§ To do
When you repeat the material, keep each line exact and omit the pictures.

§ Dataset section
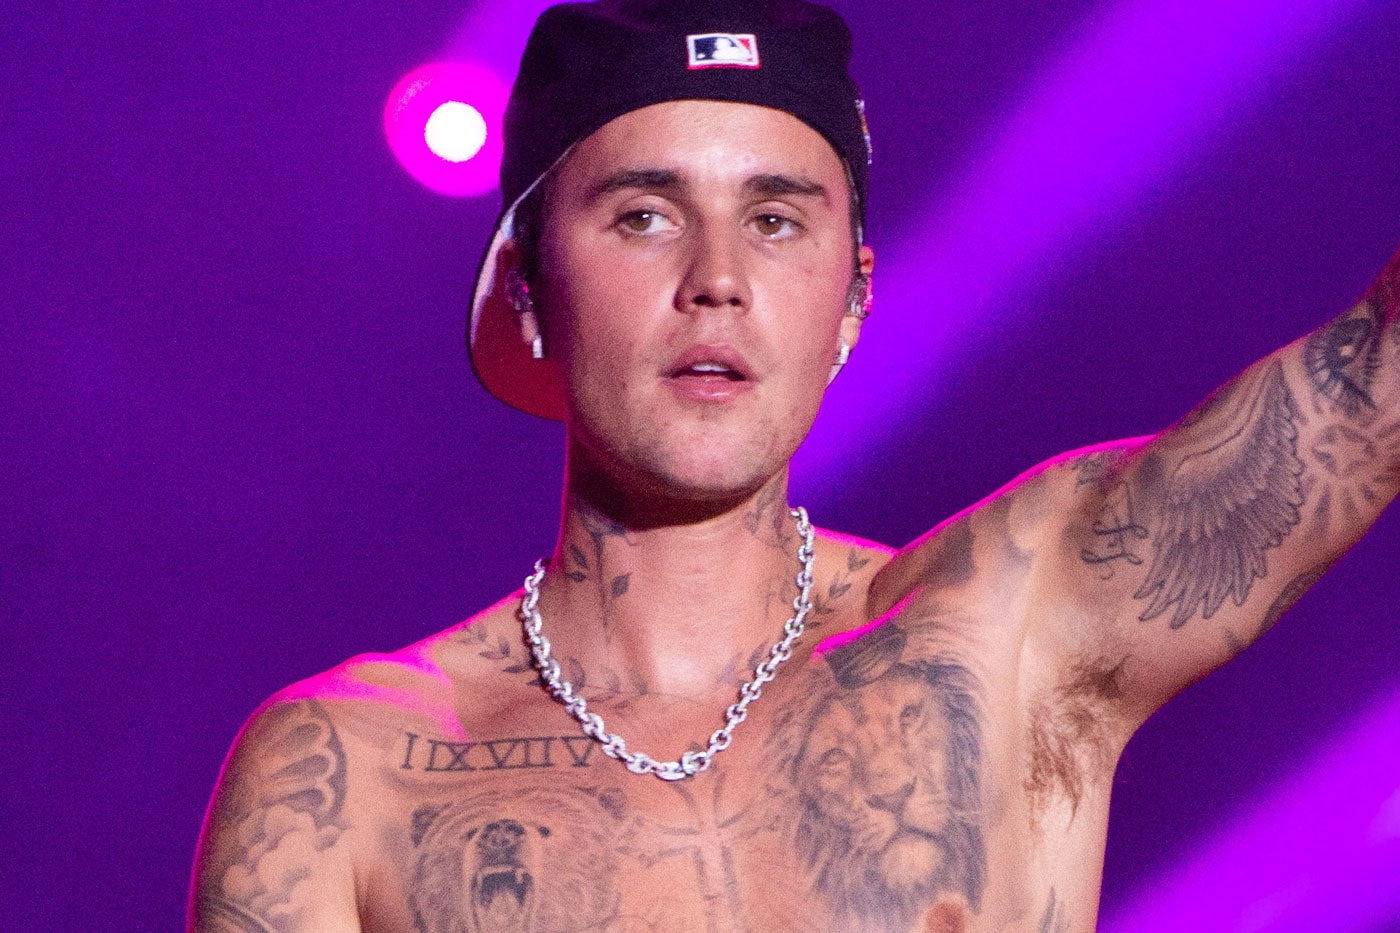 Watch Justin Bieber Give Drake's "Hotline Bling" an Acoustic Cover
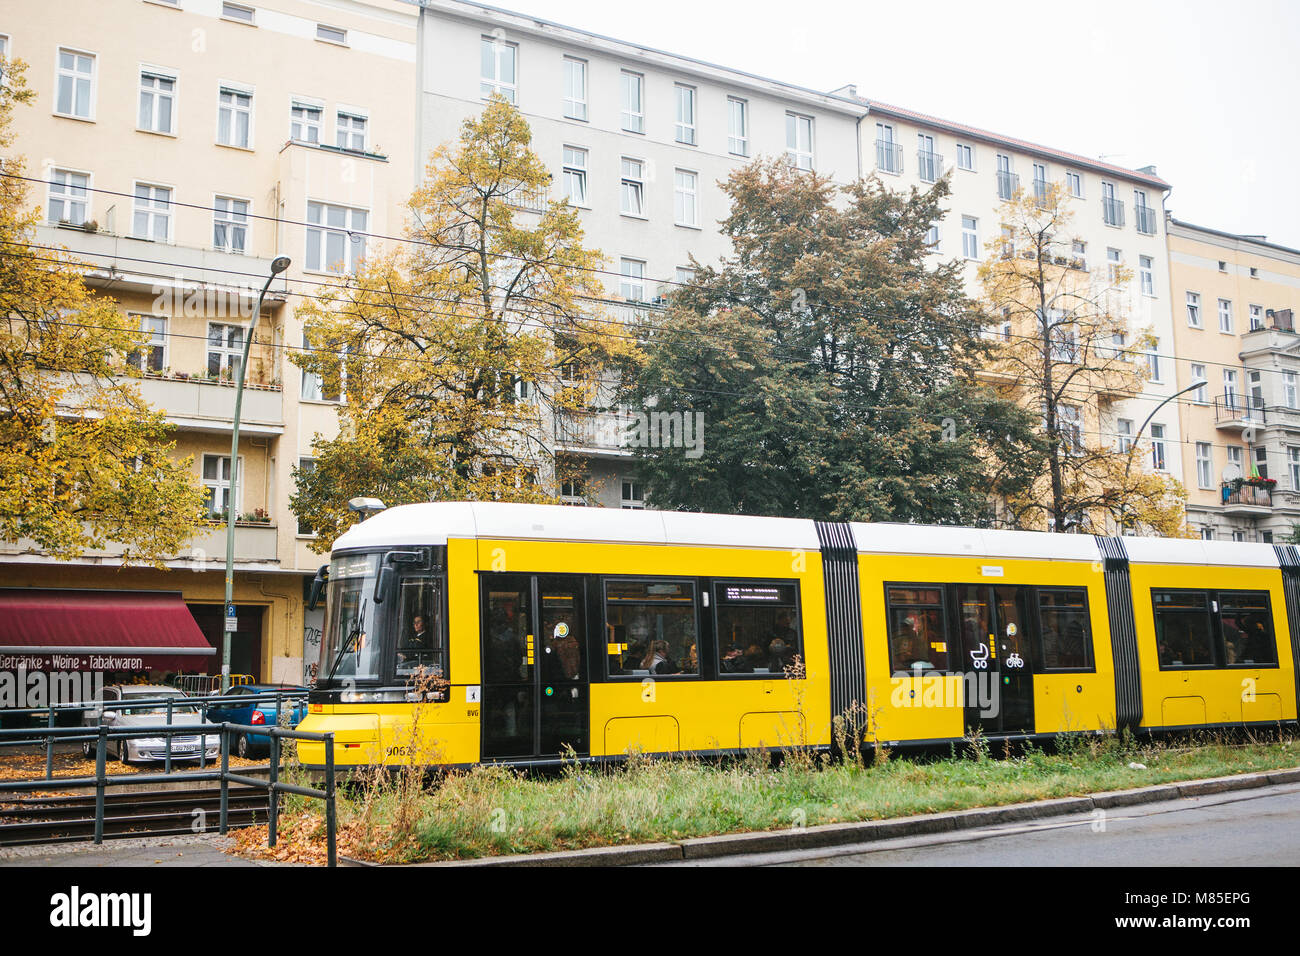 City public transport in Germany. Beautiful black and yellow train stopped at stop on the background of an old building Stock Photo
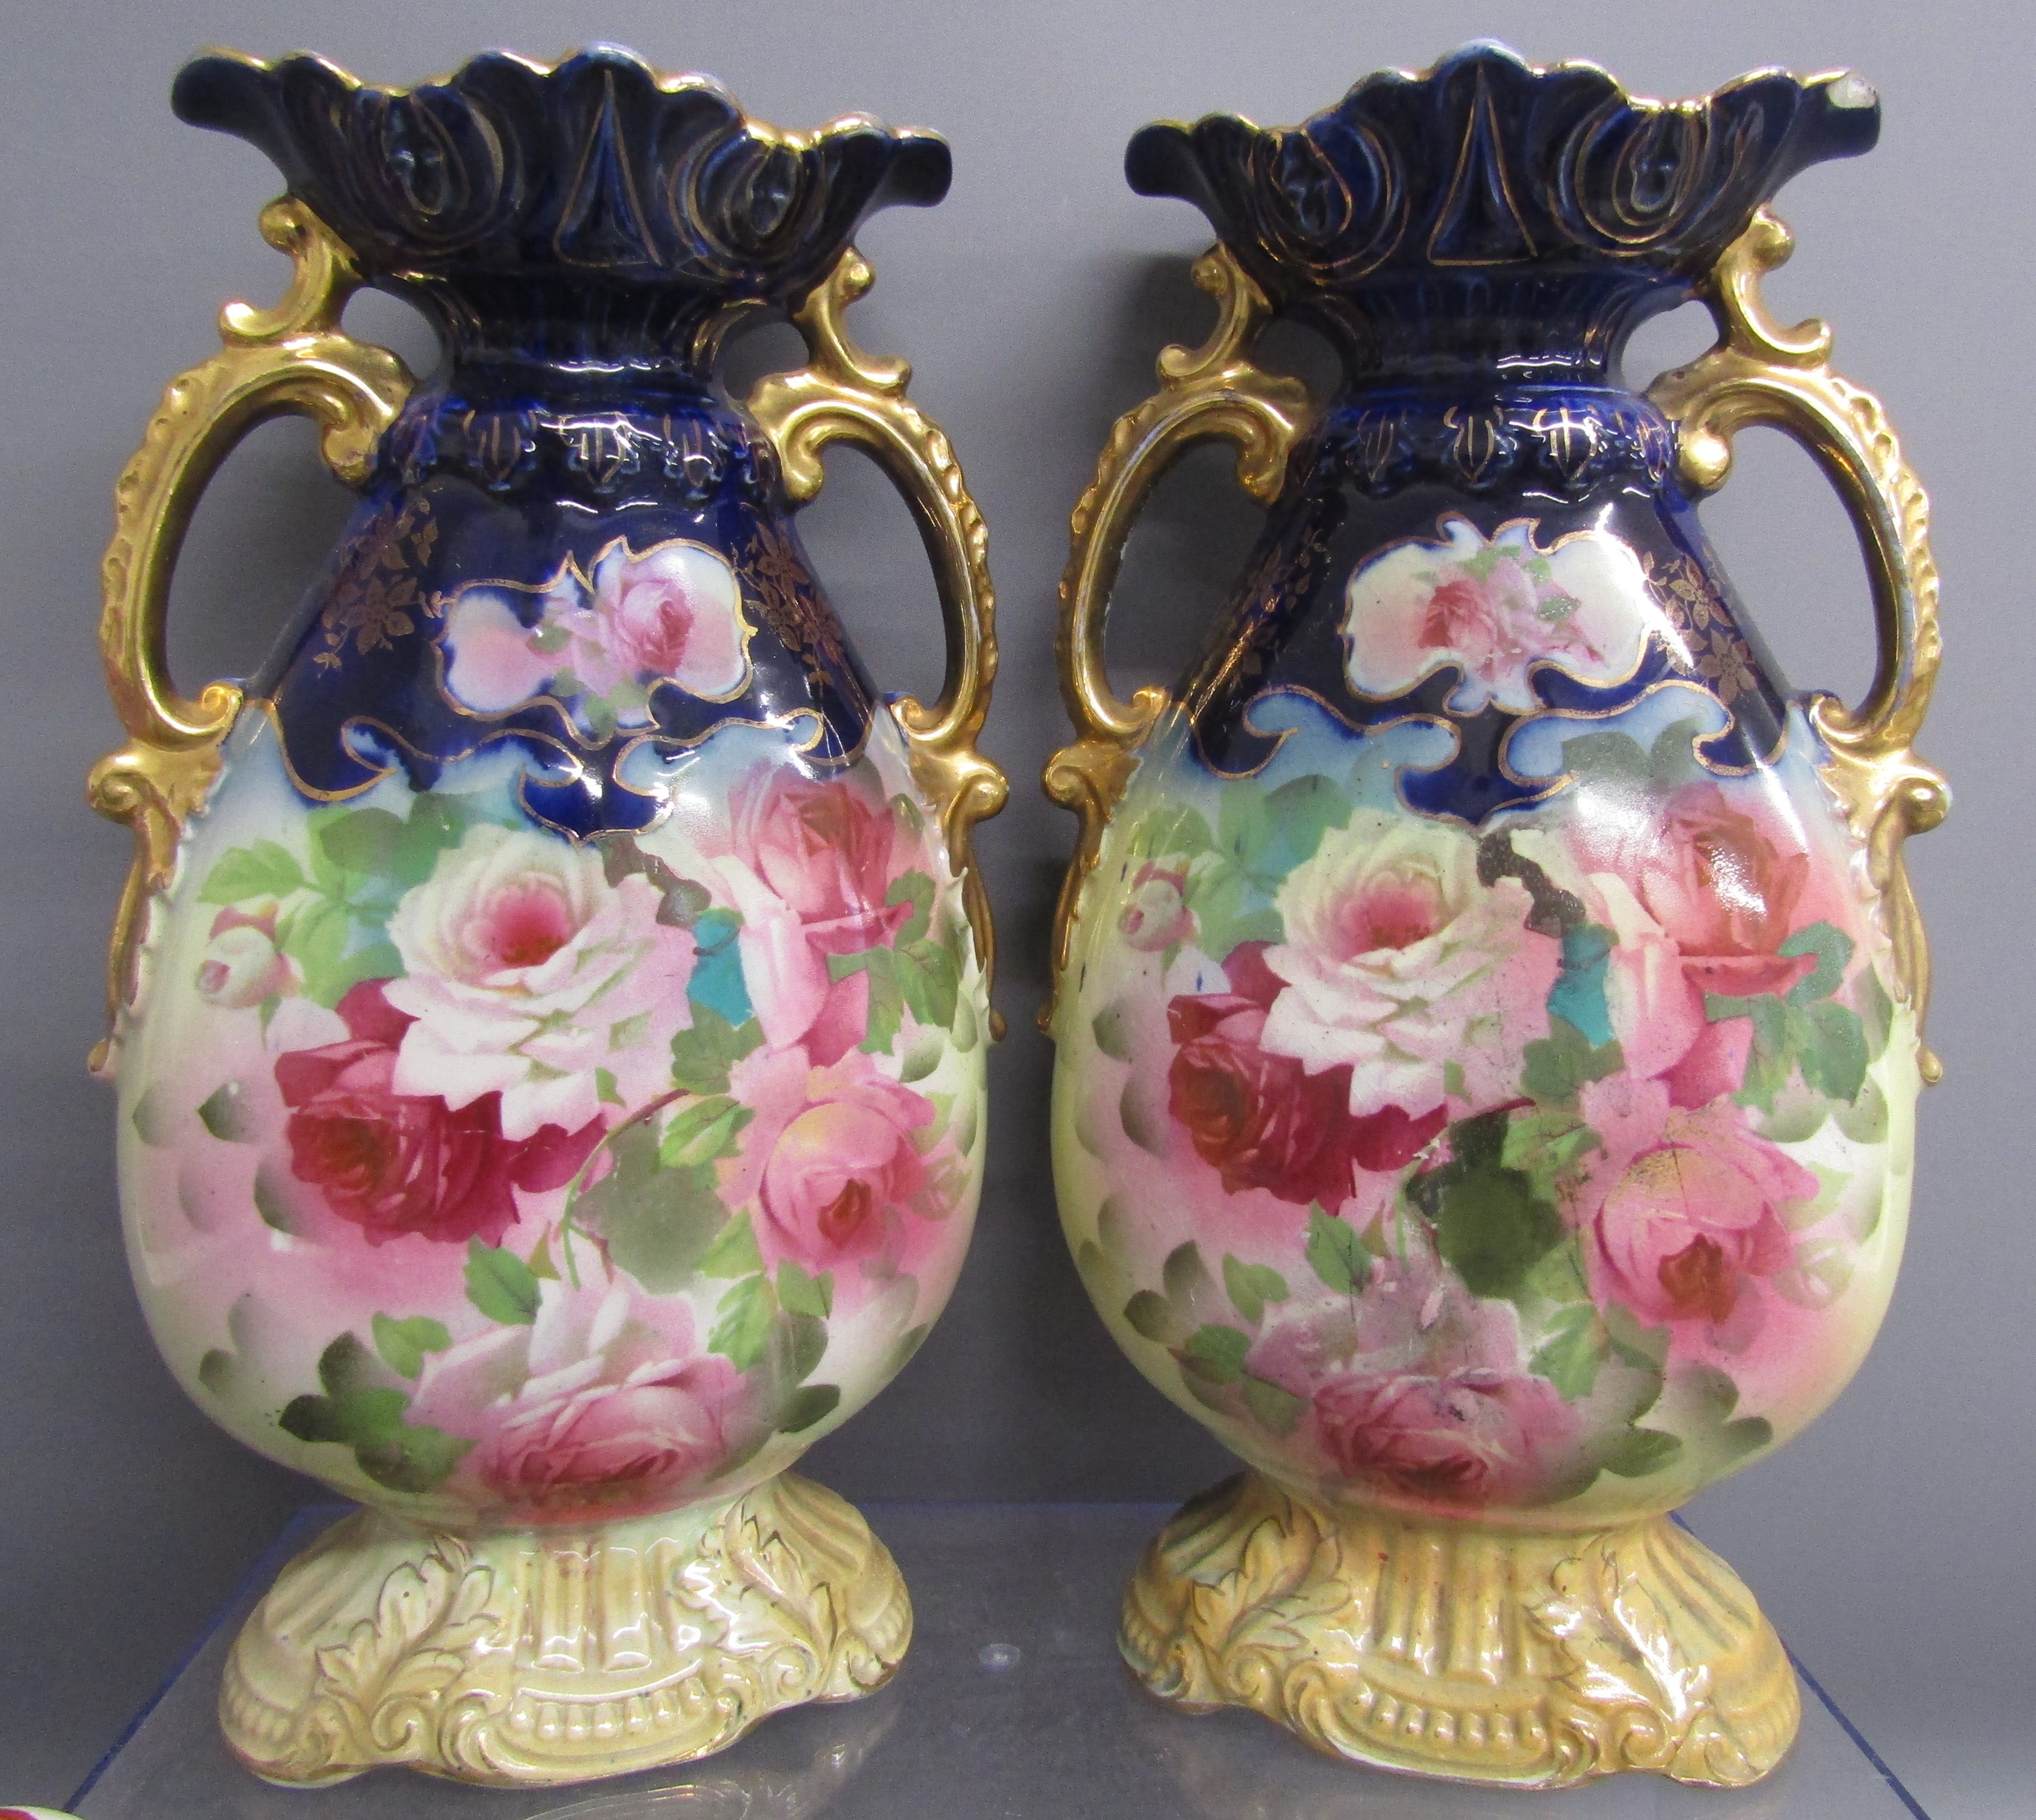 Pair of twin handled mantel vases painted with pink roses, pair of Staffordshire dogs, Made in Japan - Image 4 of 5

§ Your solution
 Watch Justin Bieber Give Drake's "Hotline Bling" an Acoustic Cover
 City public transport in Germany. Beautiful black and yellow train stopped at stop on the background of an old building Stock Photo
 Pair of twin handled mantel vases painted with pink roses, pair of Staffordshire dogs, Made in Japan - Image 4 of 5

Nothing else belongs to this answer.